Cornell chimesmasters will be playing Grateful Dead songs in an upcoming concert.

April 19, 2018

Cornell Chimes to Commemorate Grateful Dead for 2nd Straight Year

Print More

The Grateful Dead performed at Barton Hall in 1977 in what the Rolling Stone called its “most legendary” concert of all time. Forty one years after the celebrated performance, the rock band will once again rock Cornell from atop McGraw Tower on May 8.

Liz Field, communications specialist at Cornell Information Technologies, proposed the very first Grateful Dead chimes concert last year to celebrate the 40th anniversary of the band’s visit to Ithaca. She saw it then as just a “one-time thing,” but the enthusiasm of the crowd last year made a second one possible.

“About 200 people brought blankets and scattered around the tower on the Arts Quad, on the slope and on Ho Plaza,” said John Lee ’18, Cornell Chimes head chimesmaster, about last year’s event.

“We certainly didn’t anticipate such a turnout,” Field said in a phone interview with The Sun. “But people loved it, so this time the chimesmasters really got it going themselves.”

Field, who used to spend her college summer vacations following the band’s tour, attributed the band’s uniqueness to the fact that “their shows were never the same … you don’t hear the same show anywhere else.”

In a 2017 interview with Entertainment Weekly, drummer Mickey Hart said that the 1977 concert ended in a rare but “very magical snow storm.” He also mentioned that his wife, Dr. Caryl Hart ’79, whom he first met in 1990, actually didn’t go to that concert despite being a student at Cornell at the time.

The recording of the renowned May 1977 concert, titled “Cornell 5/8/77,” was added to the National Recording Registry of the Library of Congress in 2012. The album has “achieved almost mythic status among ‘Deadhead’ tape traders,” The New York Times commented.

According to Field, the chimesmasters have picked three new songs of the band to the setlist, in addition to the five played last year. However, she declined to reveal the titles of the newest additions.

“I just don’t want to spoil it,” she said. “I really want people to experience the surprise themselves.”

Field added that she wants the commemoration concert to become a tradition that lives on. Even though there hasn’t been much discussion around this, Lee said he could “totally see it going.”

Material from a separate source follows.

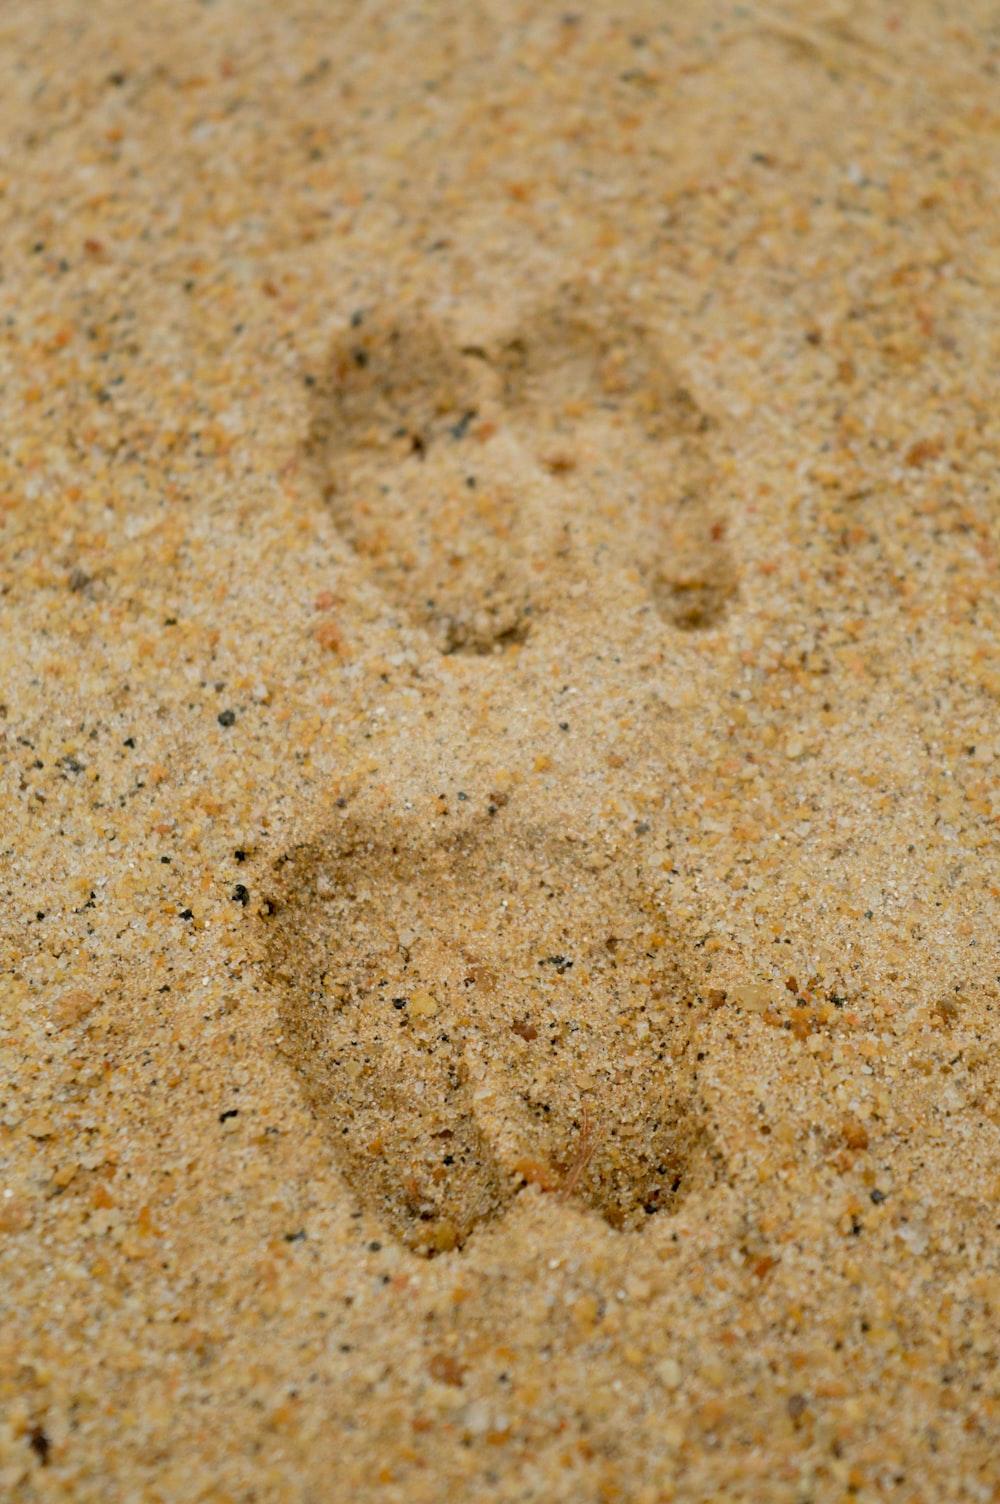 foot prints on sands

“Going forward, even if I’m not here to ask [the chimemeasters] to do it, [I hope] they will just do it themselves,” Field said. “[The Grateful Dead] is the first jam band there is. That’s kinda a thing now … but it’s the Dead started all that.”

The concert will be livestreamed on YouTube and the tower will be closed to the public during the performance, according to Lee.